> **DATA EXTRACT**:
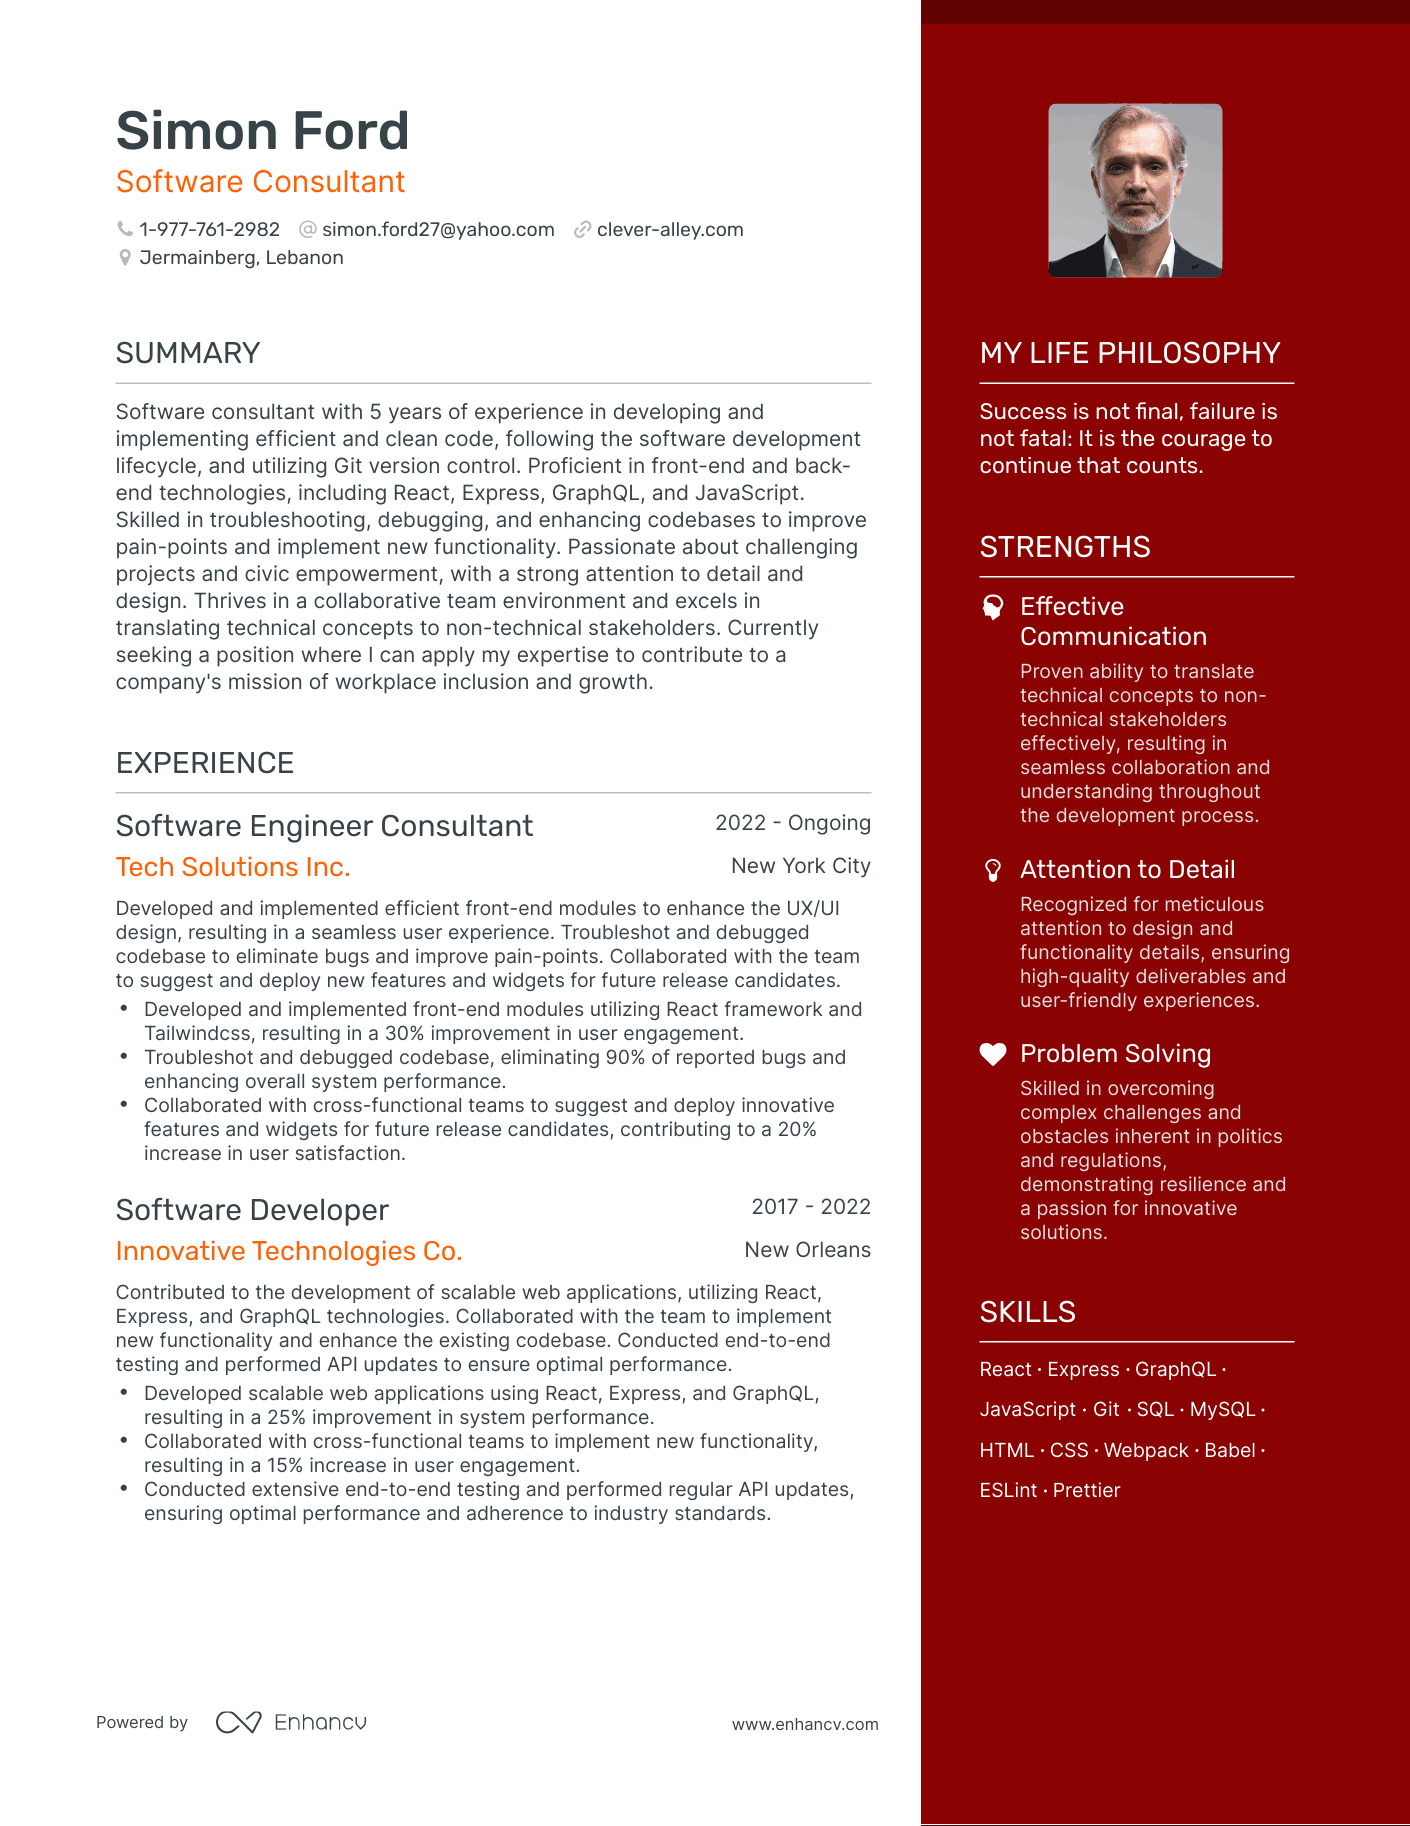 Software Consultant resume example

==

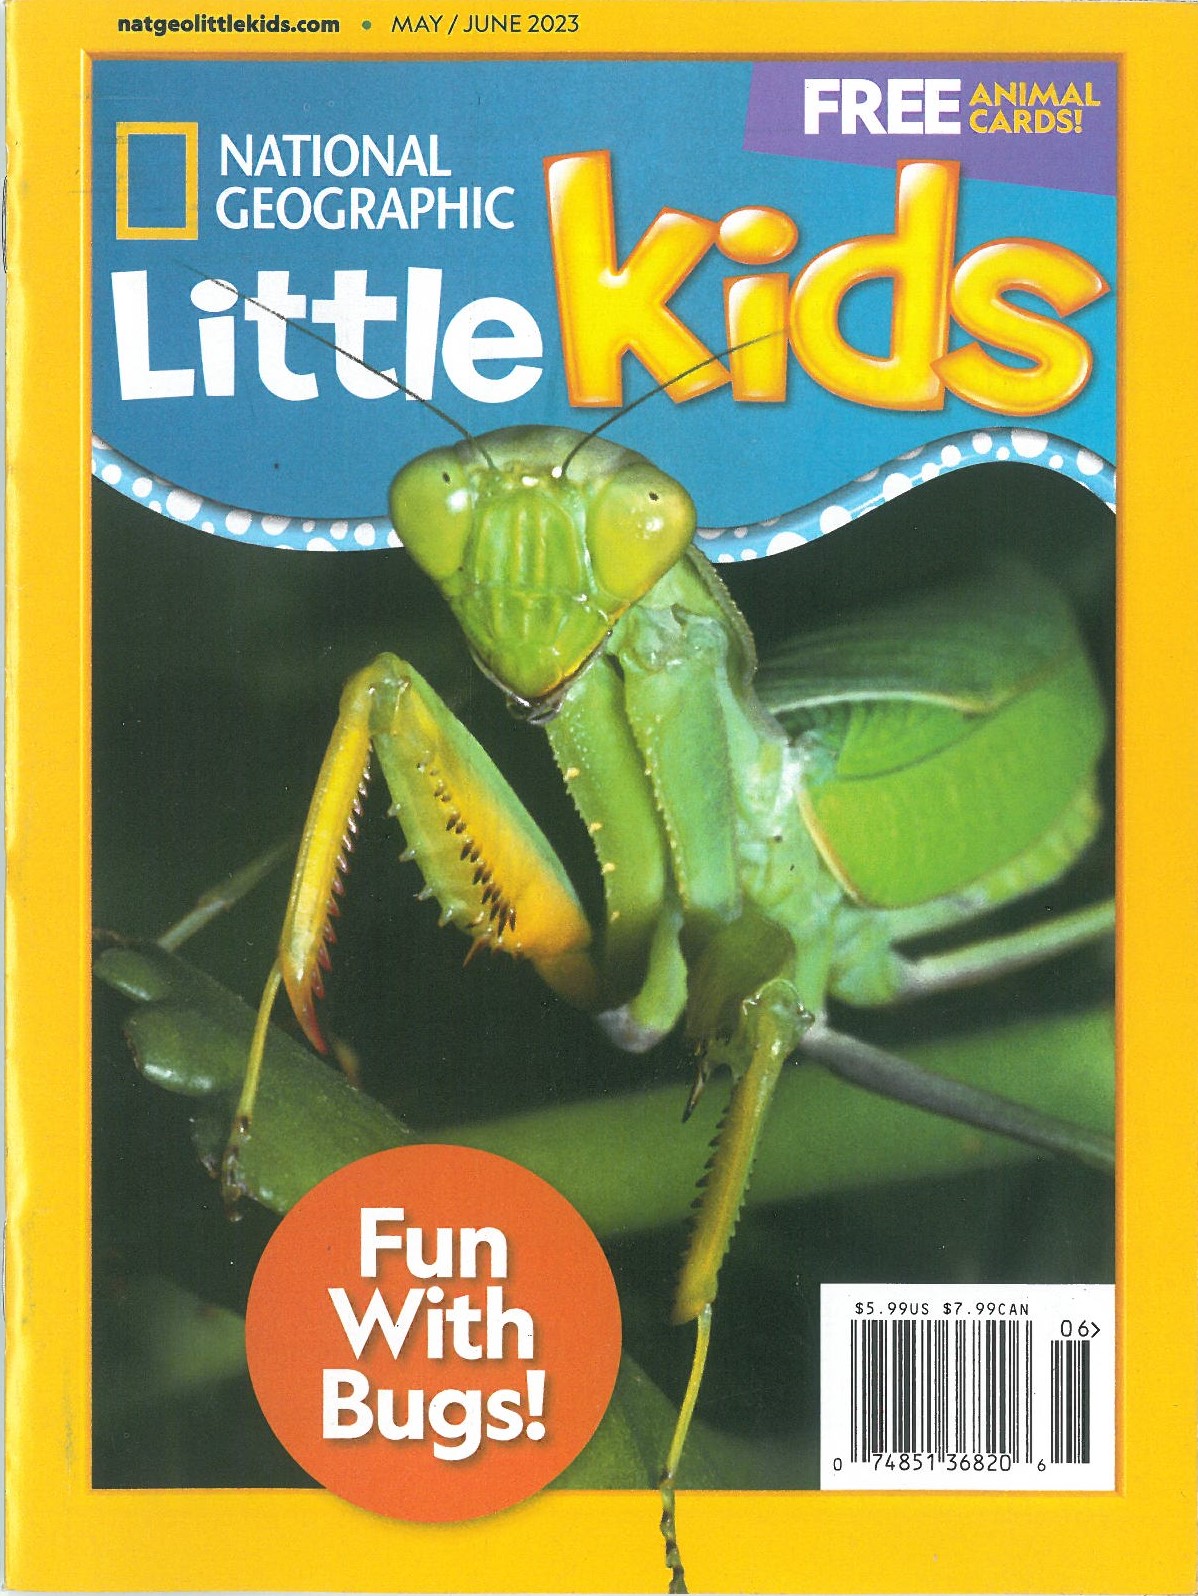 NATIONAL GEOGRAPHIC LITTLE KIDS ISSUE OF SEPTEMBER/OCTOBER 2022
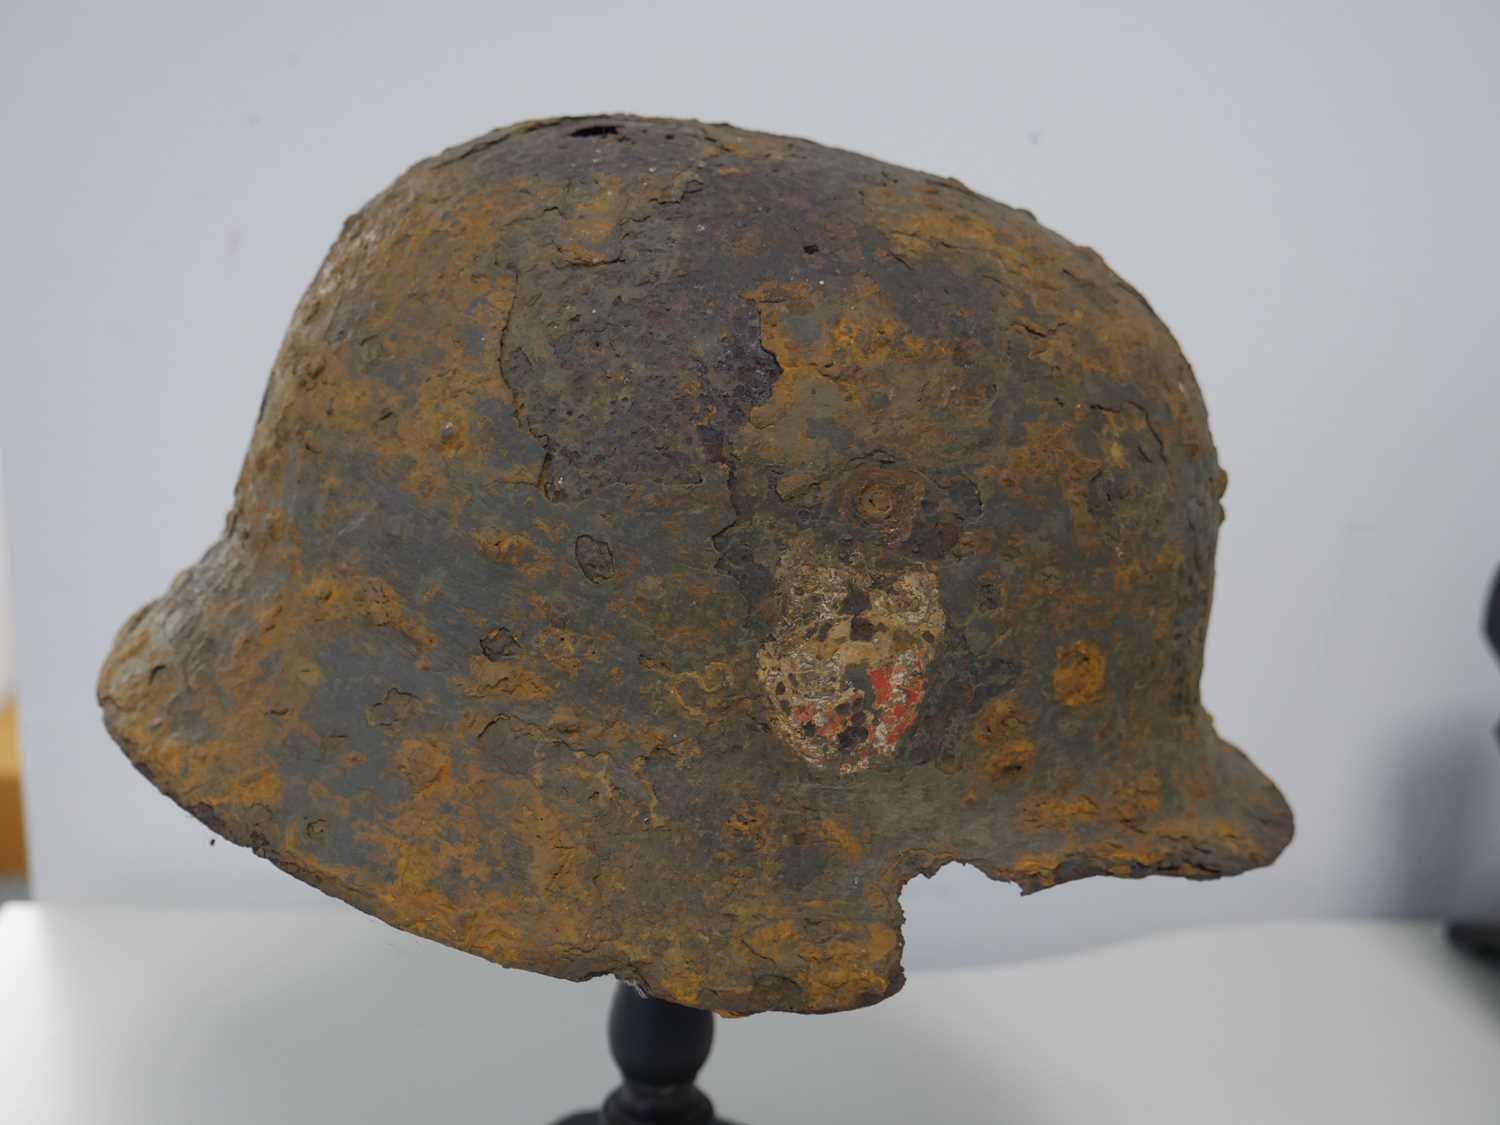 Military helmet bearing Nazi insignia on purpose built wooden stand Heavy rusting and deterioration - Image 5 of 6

--

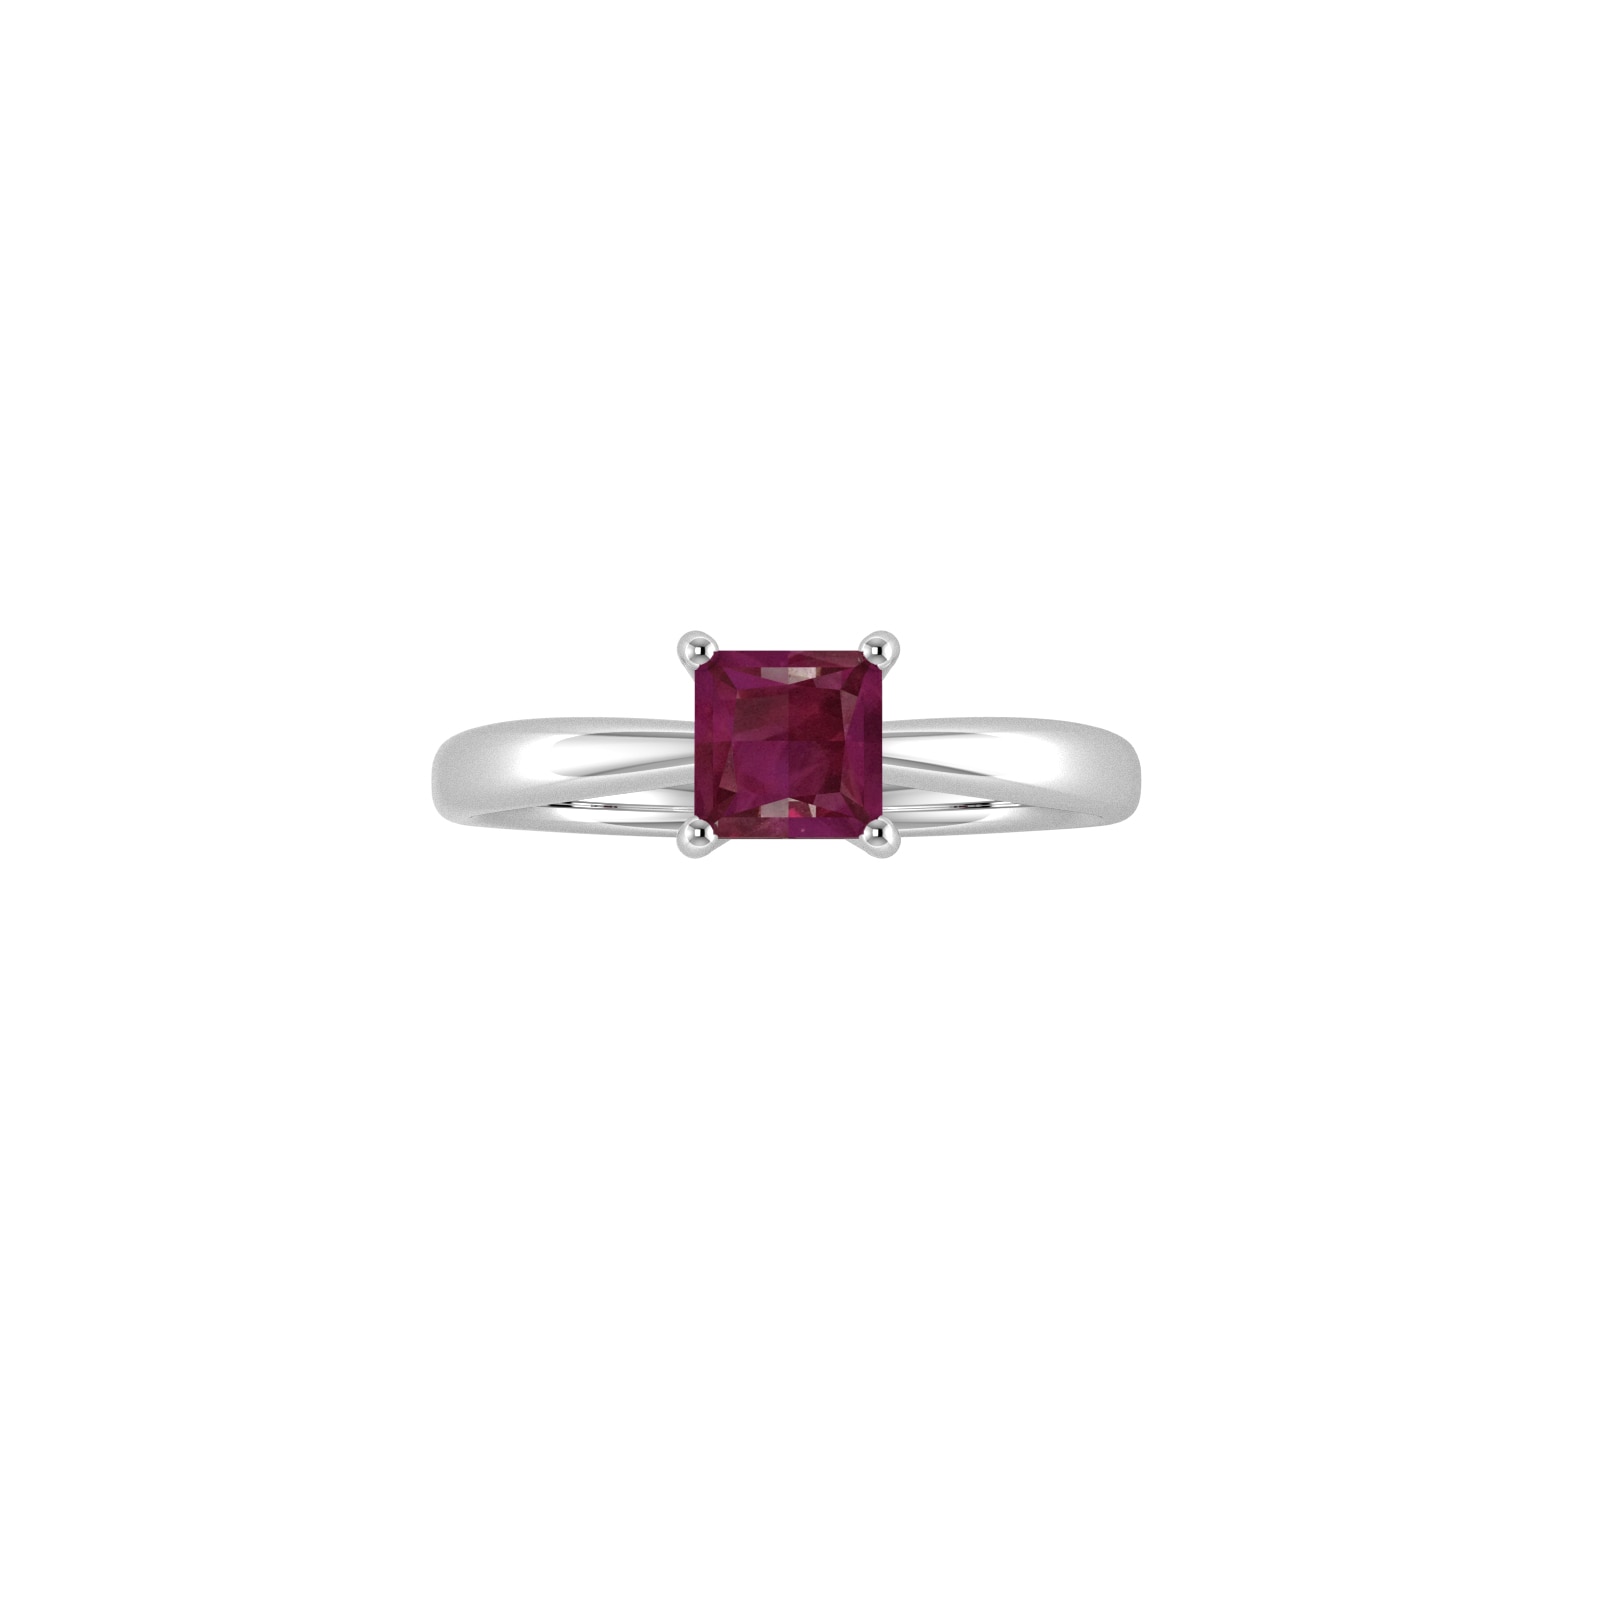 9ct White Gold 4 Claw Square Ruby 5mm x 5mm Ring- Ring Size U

> **TASK PROMPT**: Using the material above, transcribe exactly the lines from the one holding "NATIONAL GEOGRAPHIC LITTLE" to the one holding "Military helmet bearing", both ends kept. Do not carry over any pictures.

> **WRITTEN SOLUTION**:
 NATIONAL GEOGRAPHIC LITTLE KIDS ISSUE OF SEPTEMBER/OCTOBER 2022
 Military helmet bearing Nazi insignia on purpose built wooden stand Heavy rusting and deterioration - Image 5 of 6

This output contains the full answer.